### Your task:
What is needed is an exact transcription of the listing, with the images removed.

---------- Input data

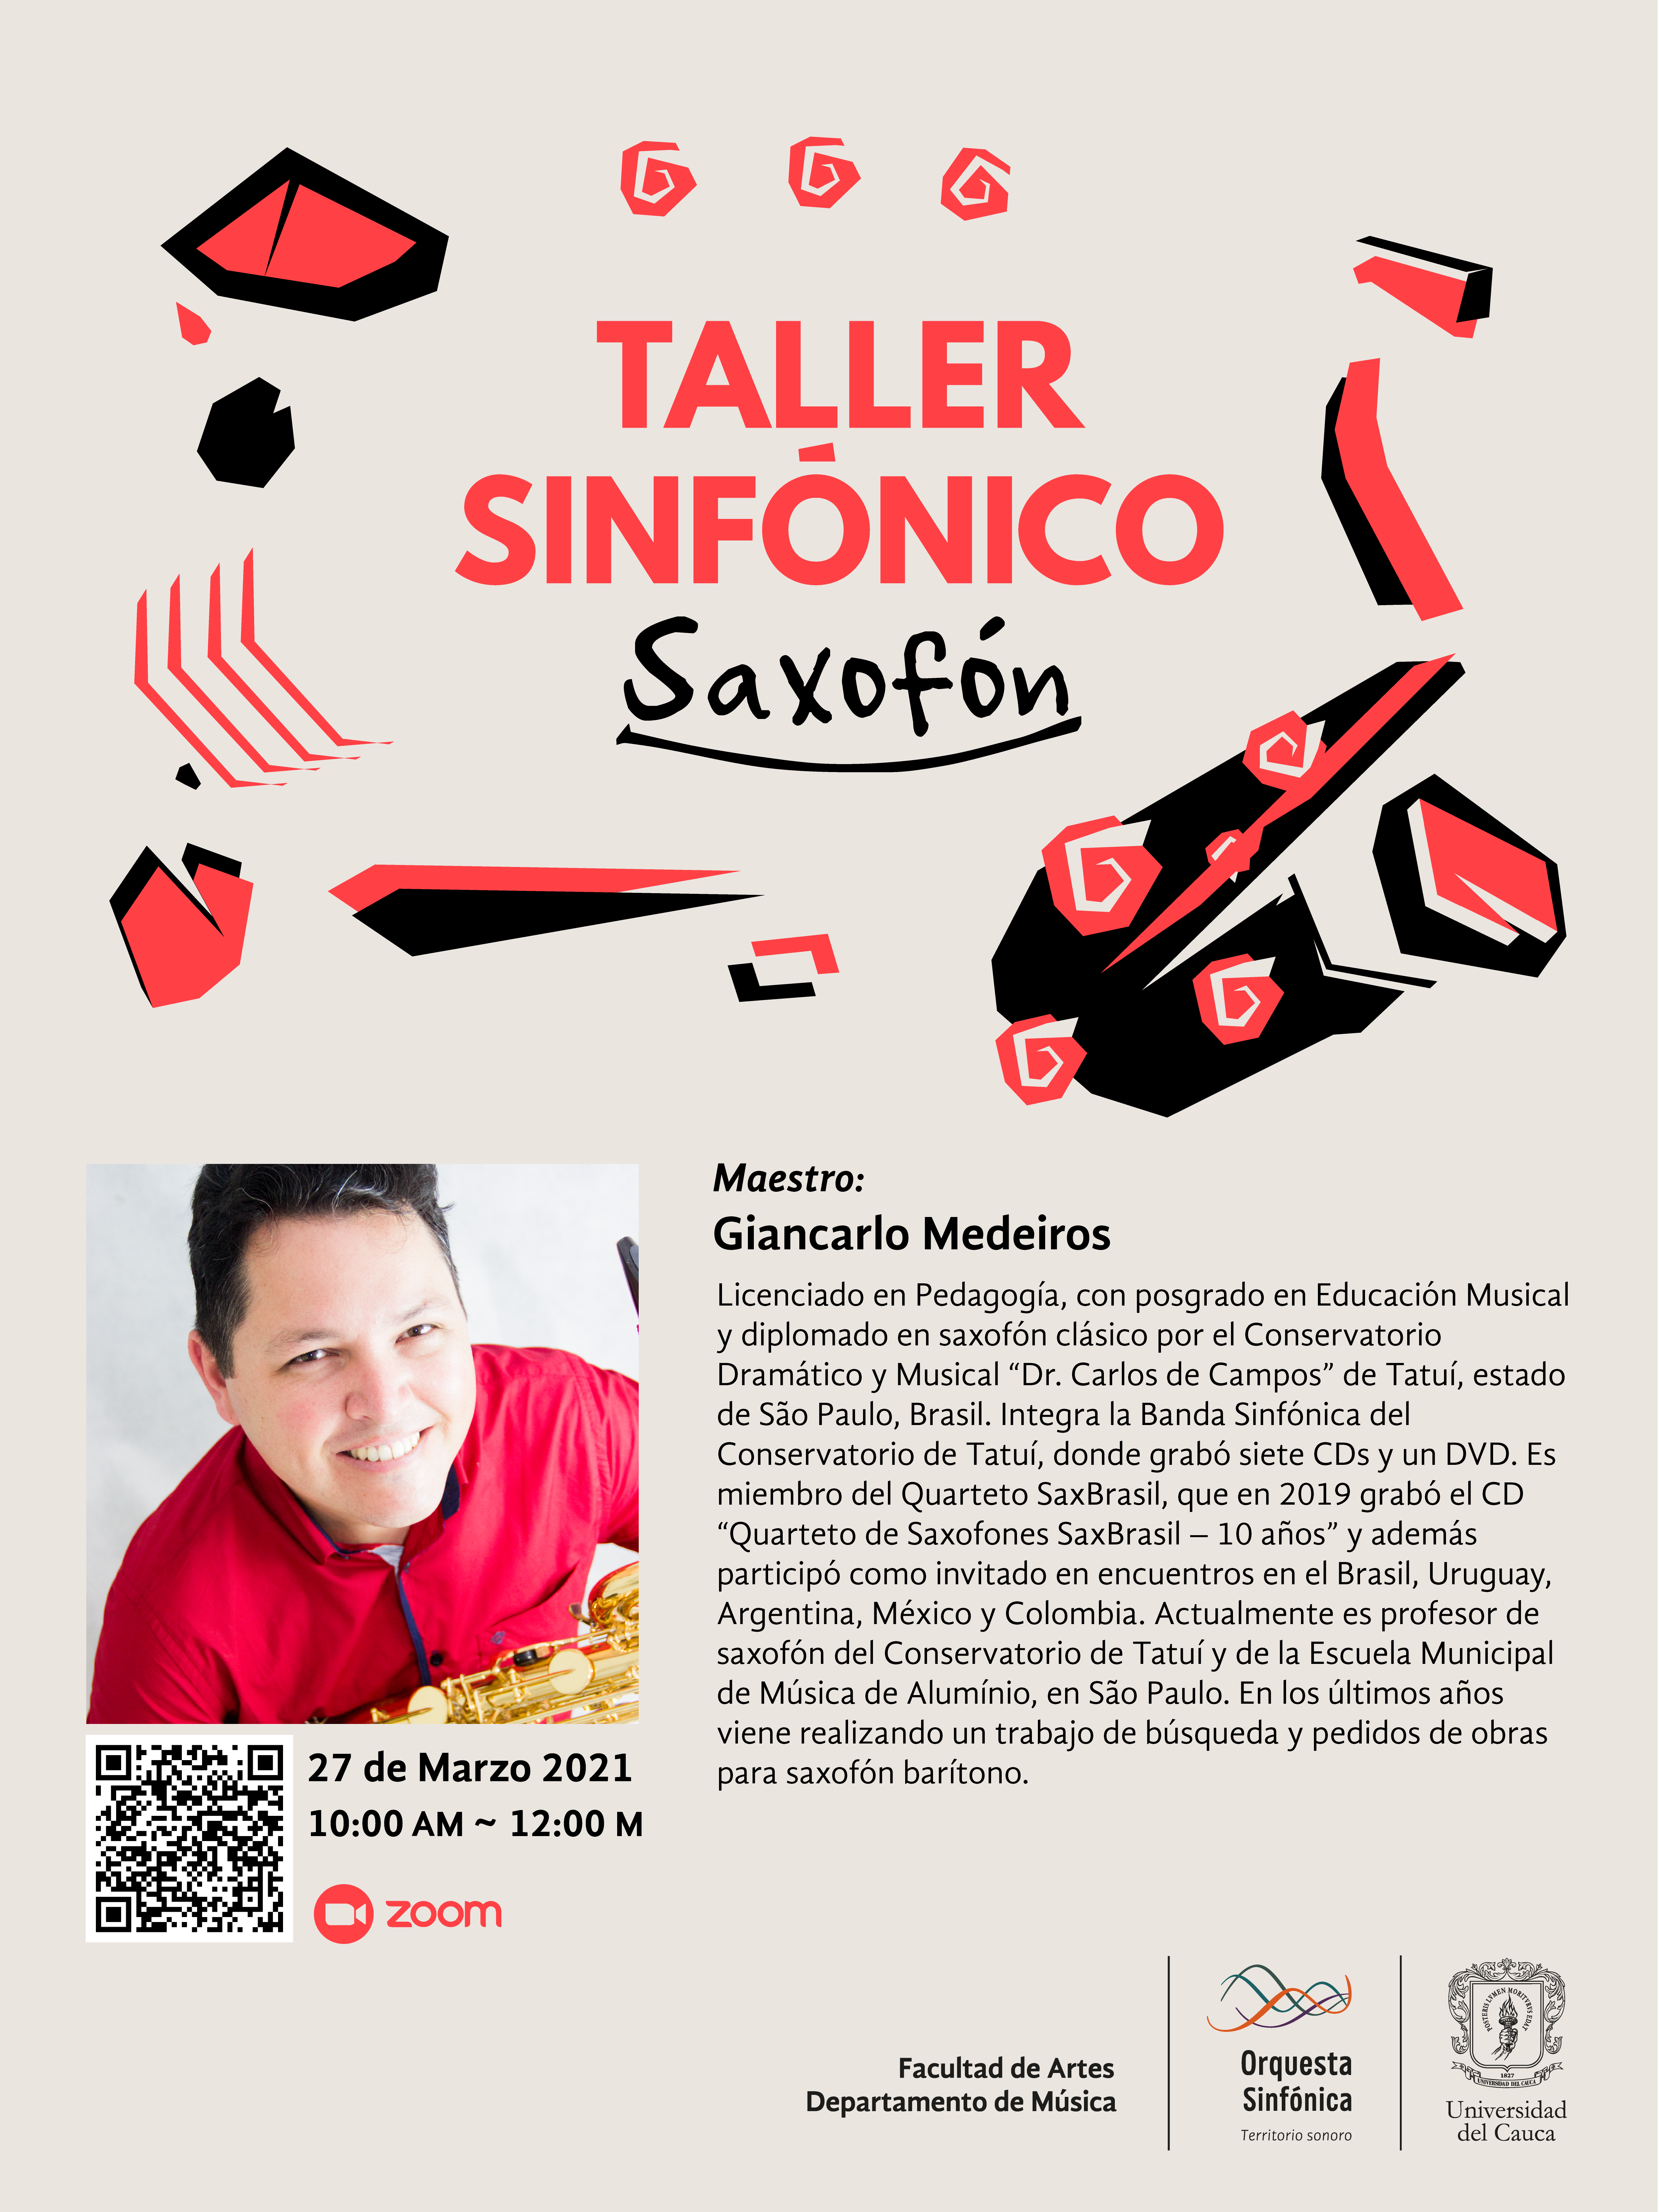 Taller Sinfónico con Giancarlo Medeiros, Saxofón. 
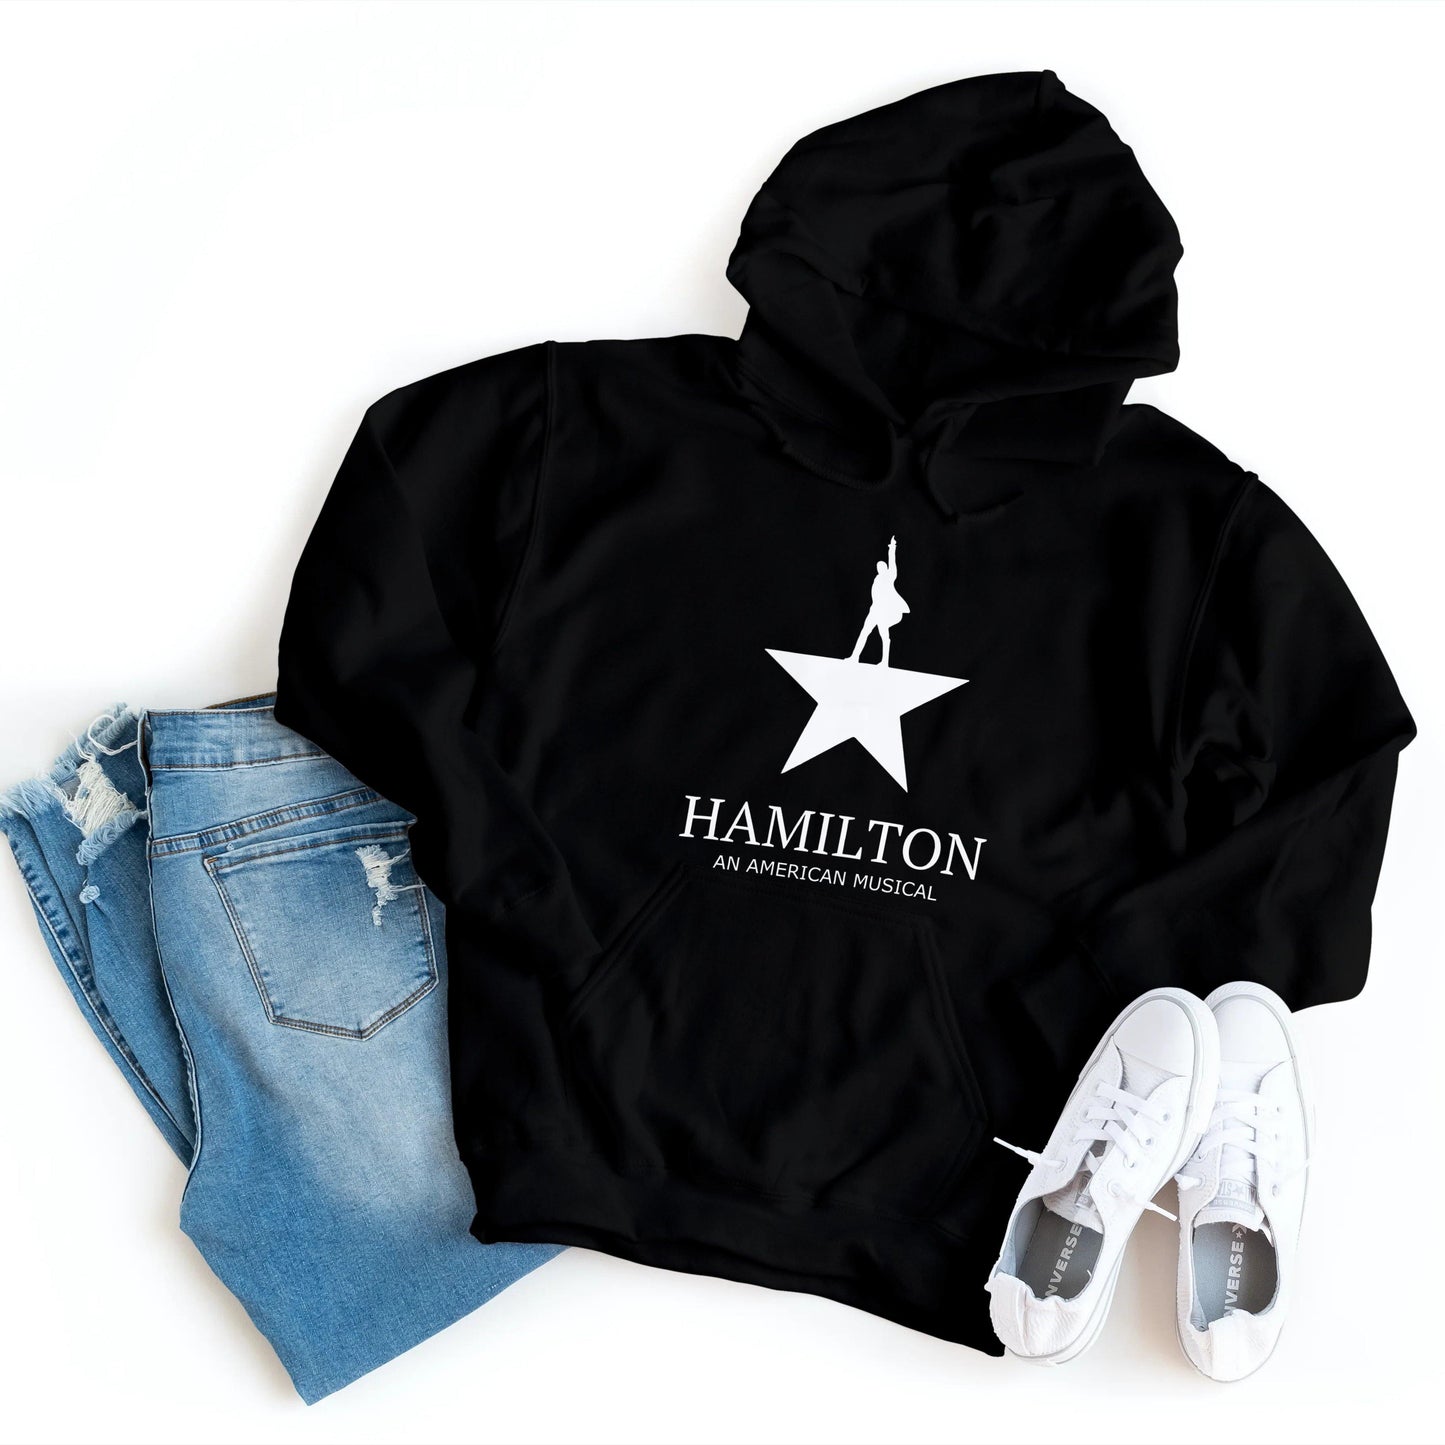 Hamilton - An American Musical - Hoodie - Healthy Wealthy Skinny
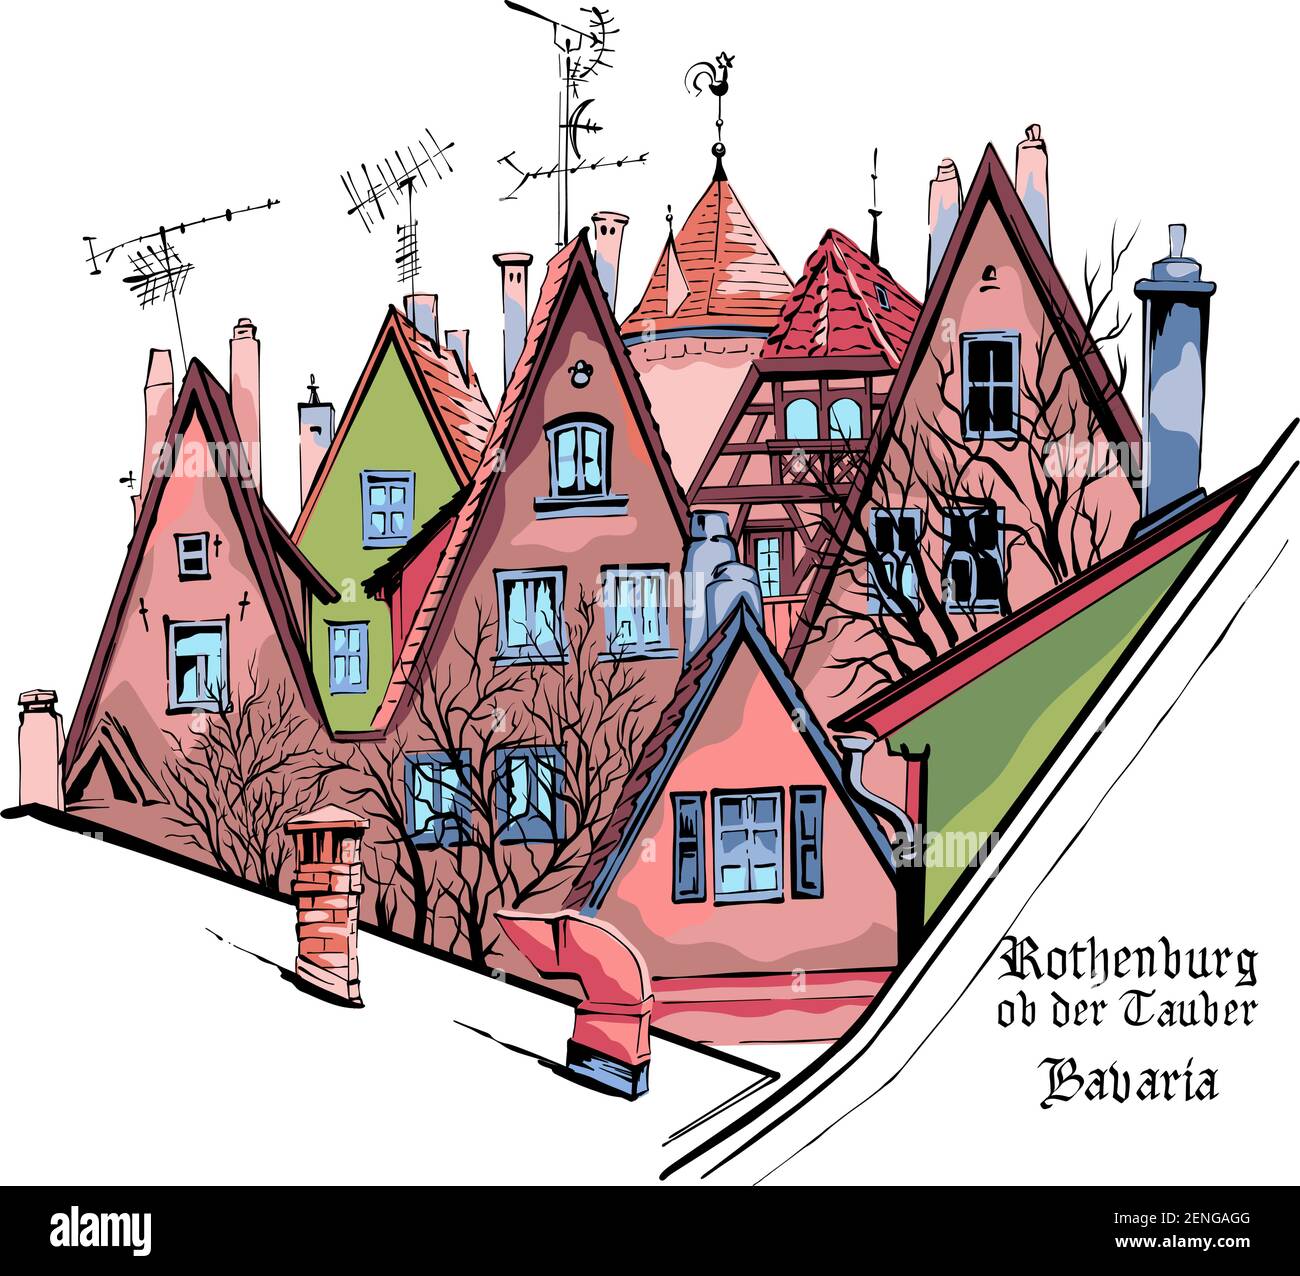 Vektor-Farbskizze von malerischen Fassaden und Dächern der mittelalterlichen Altstadt, Rothenburg ob der Tauber mit Stadtnamen, Bayern, Deutschland Stock Vektor

--------------------

### Exercise solution:
 Taller Sinfónico con Giancarlo Medeiros, Saxofón. 
 Hamilton - An American Musical - Hoodie - Healthy Wealthy Skinny
 Vektor-Farbskizze von malerischen Fassaden und Dächern der mittelalterlichen Altstadt, Rothenburg ob der Tauber mit Stadtnamen, Bayern, Deutschland Stock Vektor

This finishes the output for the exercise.